5. The perpetuation of the idea that people need experts and the media to tell them what is good and bad.

I am not protective of the Yoga industry. And I do believe it is a business like any other. I also believe yoga is a tool that helps many people find their way through this incredibly over-stimulating, dis-empowering world. I am not yoga. Yoga is not me. I am going to say something incredibly corny. Yoga can be used for good or evil. Like any belief system it can be manipulated by it’s users for all kinds of uses.

I read this article yesterday morning. I then read the comments and, although I felt that I had a bit more to say on the subject, was not compelled to write about it.
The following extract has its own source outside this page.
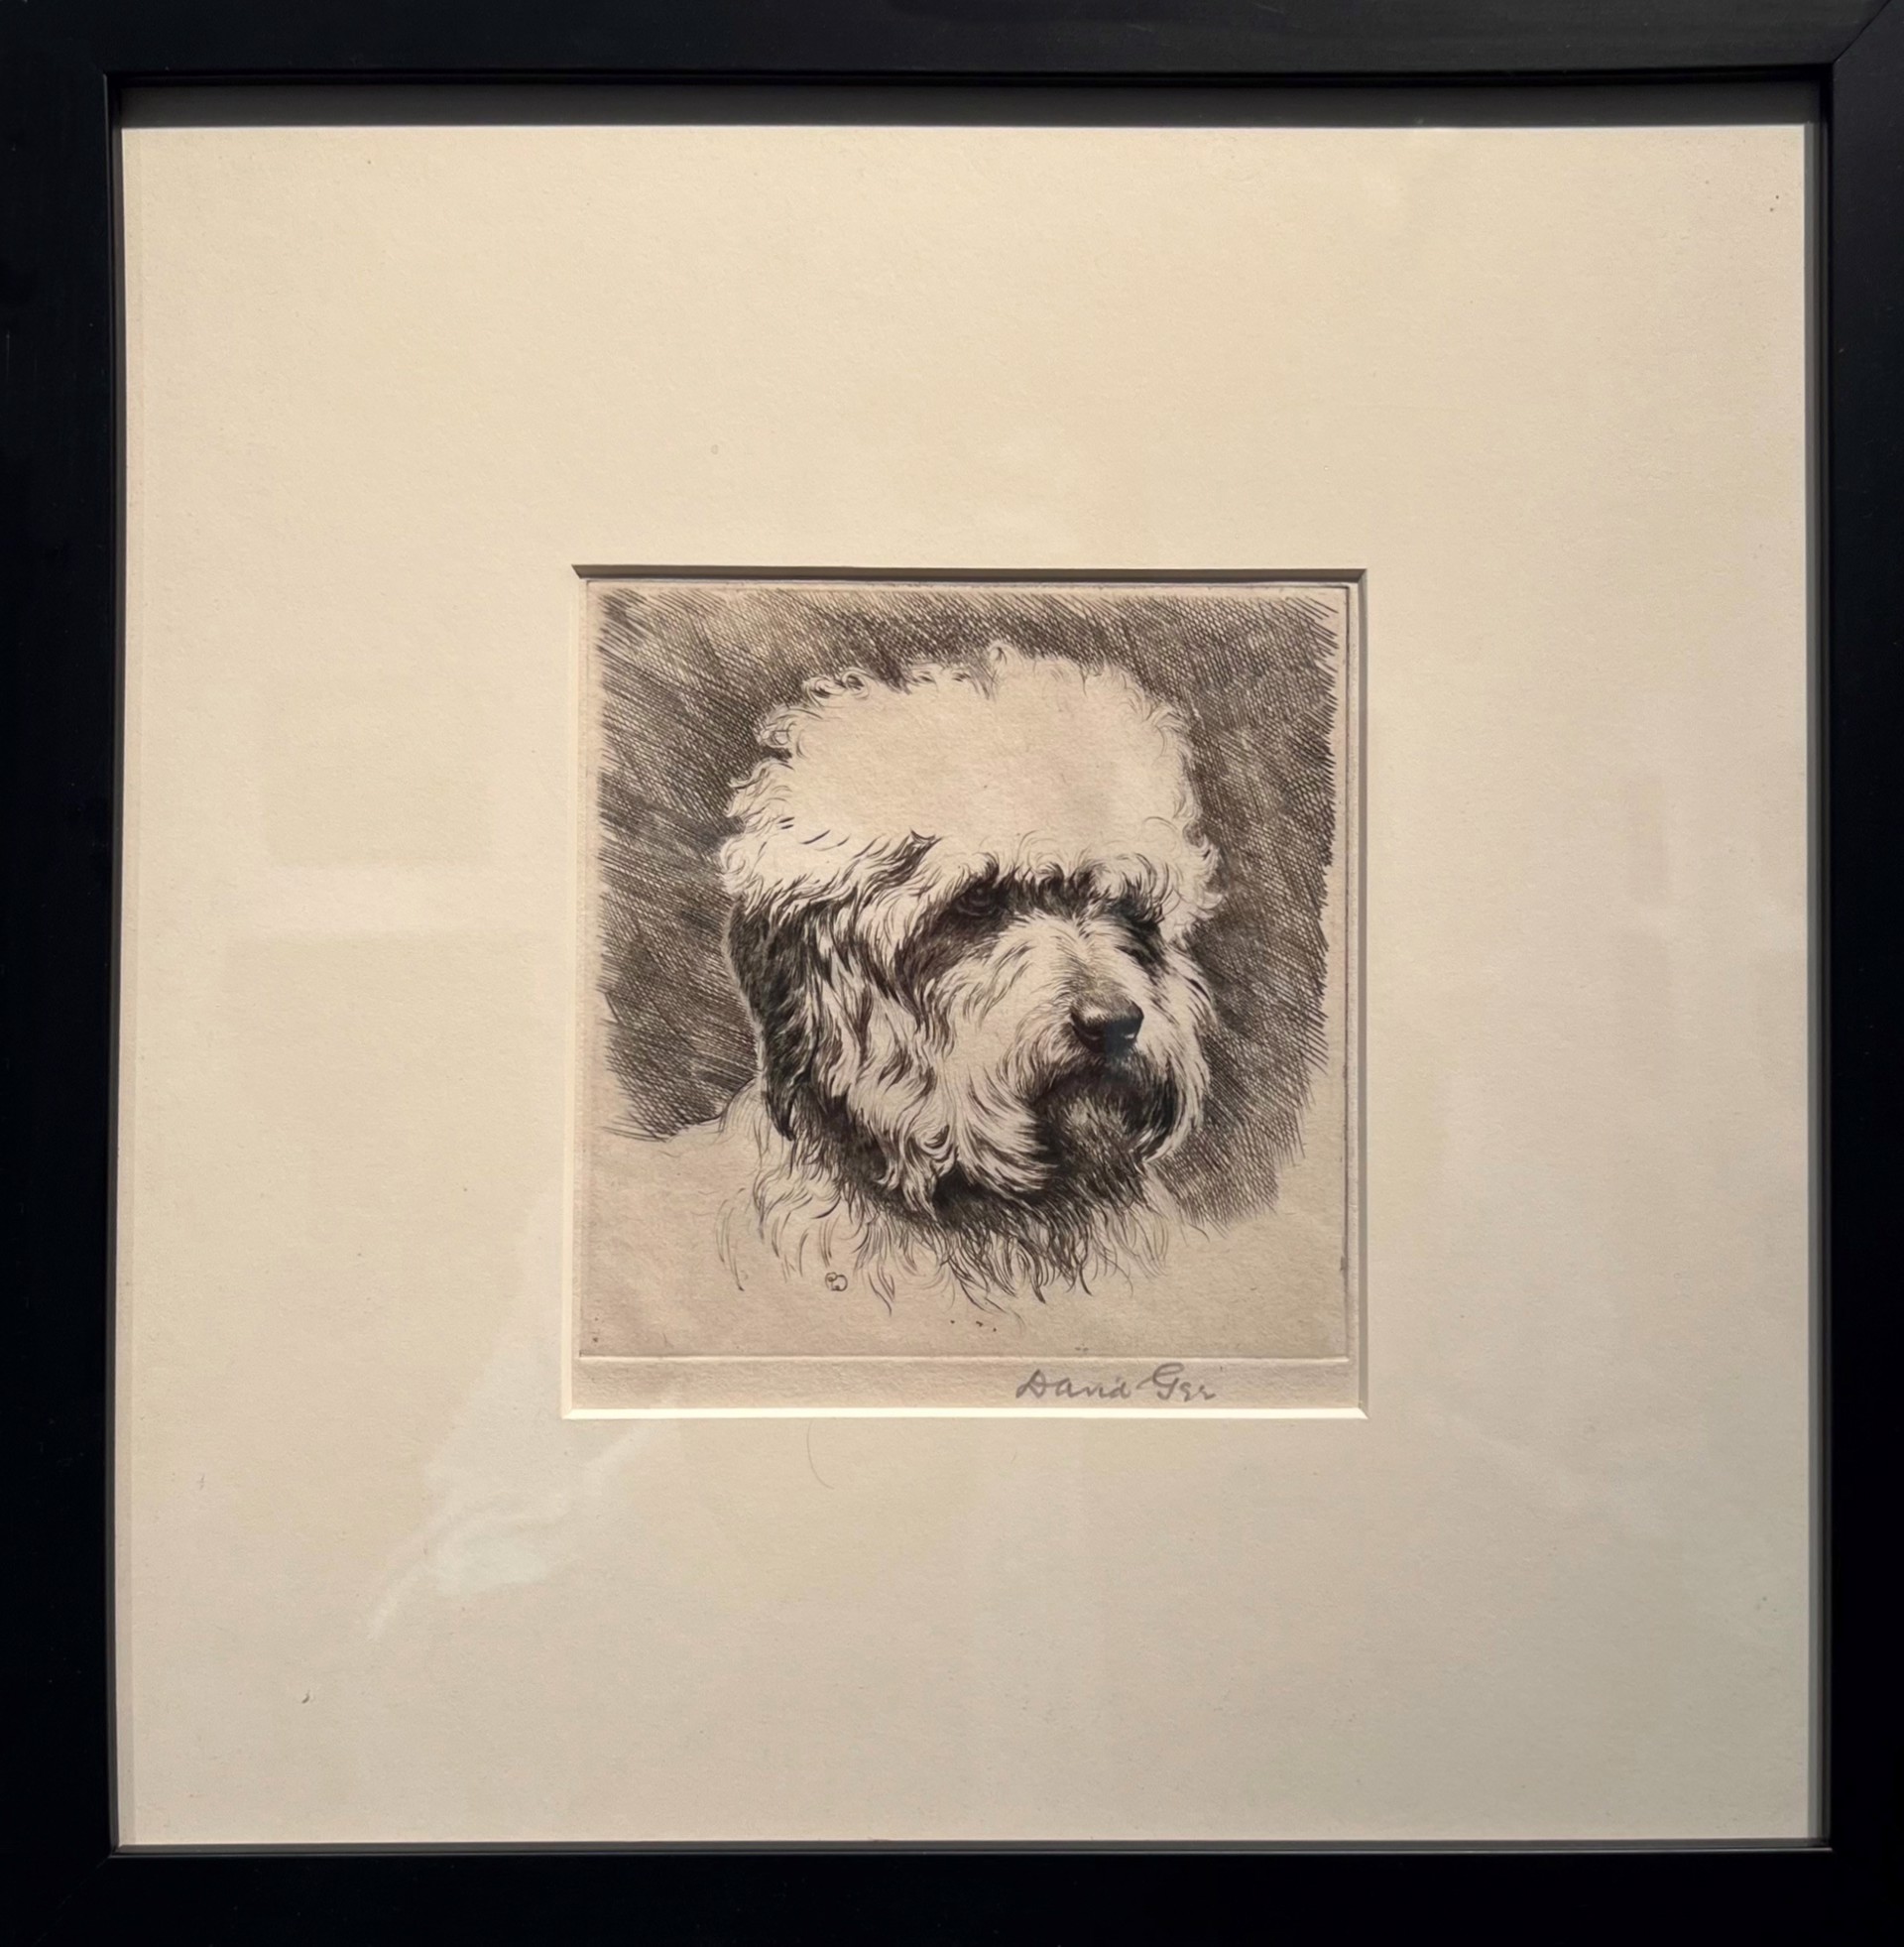 Dandie Dinmont Terrier by David Gee

It continued to marinate in my brain though. Later on, I met with a good friend of mine who works at the retreat center where we are staying. We talked about a lot of things and she told me a story that has gotten me out of bed and writing at 5:30am. There is a yoga teacher who comes here frequently. He brings in huge groups and therefore a ton of money. Over the years, I have heard countless stories about how abusive he is to the staff, how dismissive he is to his own, and how manipulative he is to his students. I have always known it but this story pushed me over the edge. Three weeks before he came down here last spring, he demanded that they have their usual bonfire on the beach. The staff tried to tell him, well actually, they speak through one of his staff, he never speaks directly to anyone here, that May and June are when the sea turtles lay their eggs on the beach. If you know anything about this process, you would know that any light will draw the baby turtles in the wrong direction, away from the water. Anyway, he bypassed the retreat staff and went straight to the owner. Guess who won, not the sea turtles. There was a bonfire on the beach in May and then again in June.
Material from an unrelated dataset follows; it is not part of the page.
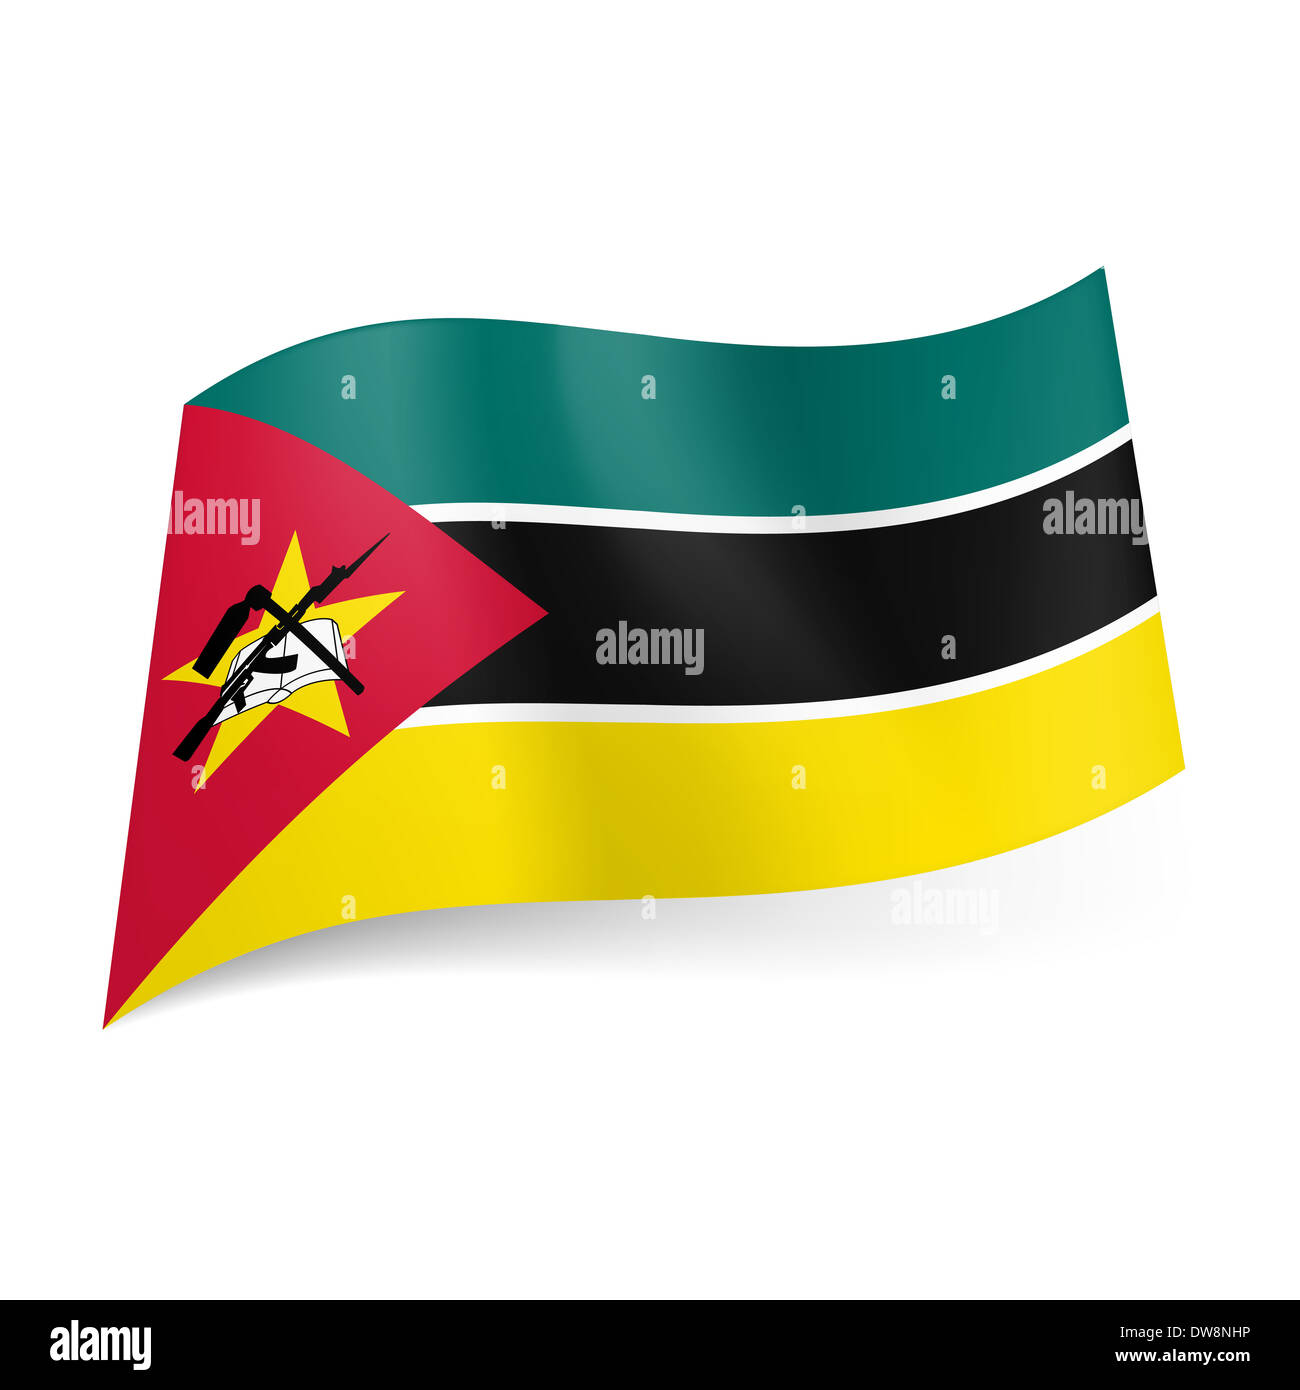 Nationalflagge von Mosambik: grüne, schwarze und gelbe horizontale  Streifen, Sterne, Buch- und Waffe Zeichen im roten Dreieck auf der linken  Seite Stockfotografie - Alamy

I am feeling absolutely sick over this. Not because I am a yoga teacher, but because I am someone who believes in right action. I feel buried under a mountain of injustices in which I have little to fight back with. I guess this idea of what yoga is and what is not is completely missing the point. My question is, how do I navigate through this world and not get knocked off course by these people who are either following the money, following the person who is following the money, or following the herd because it is safer?
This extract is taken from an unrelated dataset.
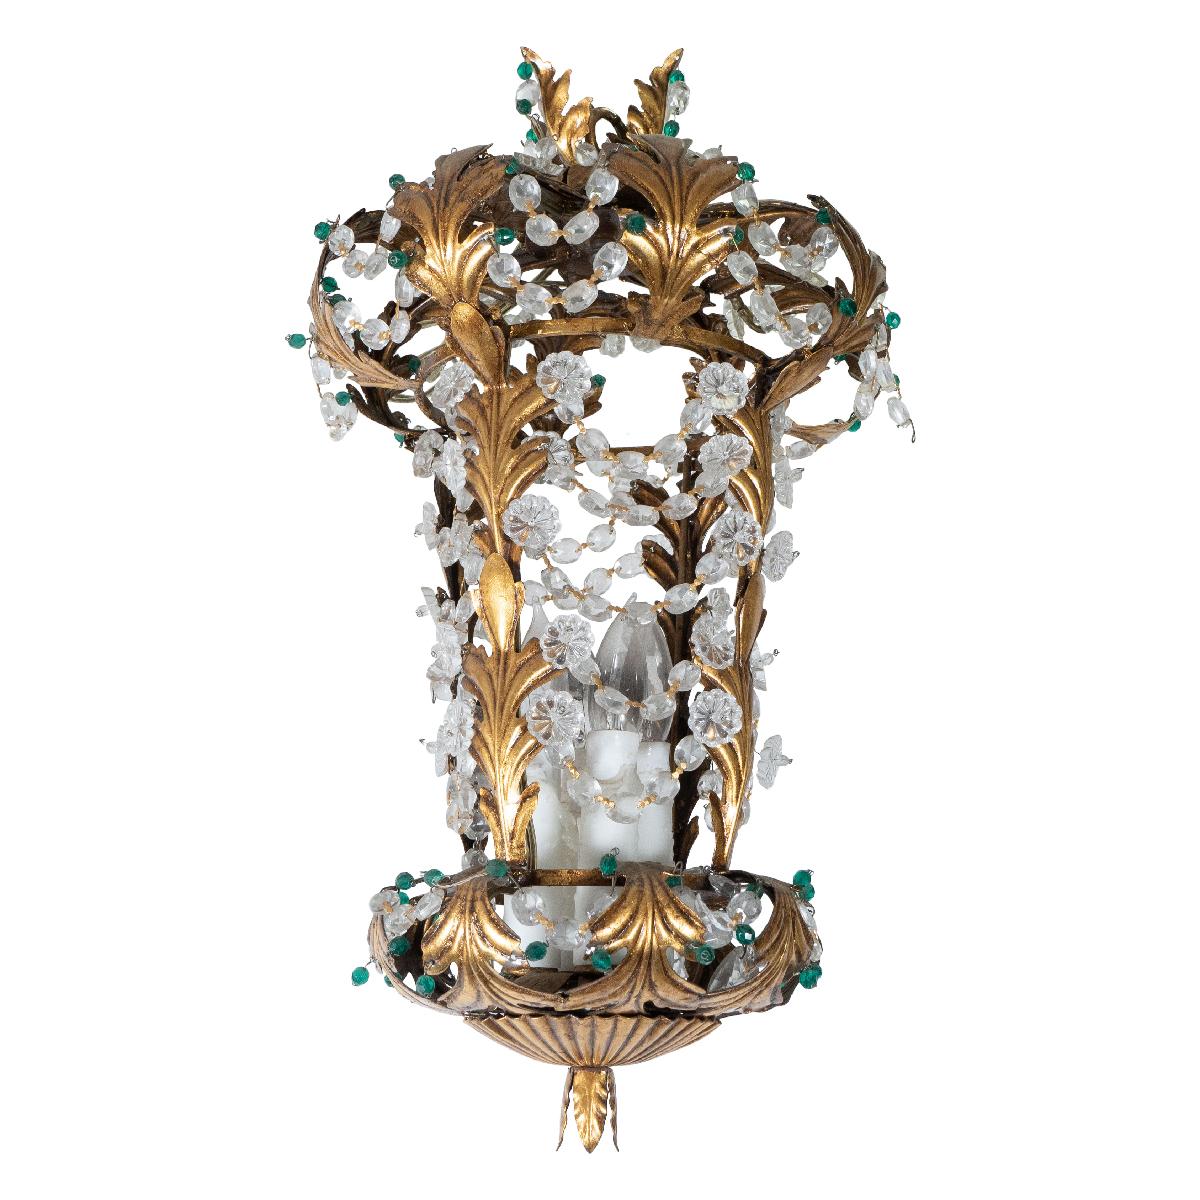 Pendentif en métal doré, de style lanterne, avec motif feuillagé et détails de feuilles et de fleurs en cristal à la manière de Bagues.

My friend who works here said to me, “we like to say Mimi equals yoga, this other guy does not equal yoga.” That is lovely to hear but is it really true? Apparently, we both equal yoga. What I don’t get is, why do so many follow this guy, I mean like thousands of people? Quite frankly, I don’t want to be followed. I want to inspire others to follow their own path, to do what they believe is right and to make the world better. Right now, I am feeling a bit out numbered or out-gunned might be a better way of putting it.

I am trying to think of a way to tie this all up but I just can’t. the Buddhists say it is important to learn how to sit with discomfort, dukkha, not try to change it. I guess that is just where I am at, sitting in the middle of paradise and discomfort at the same time.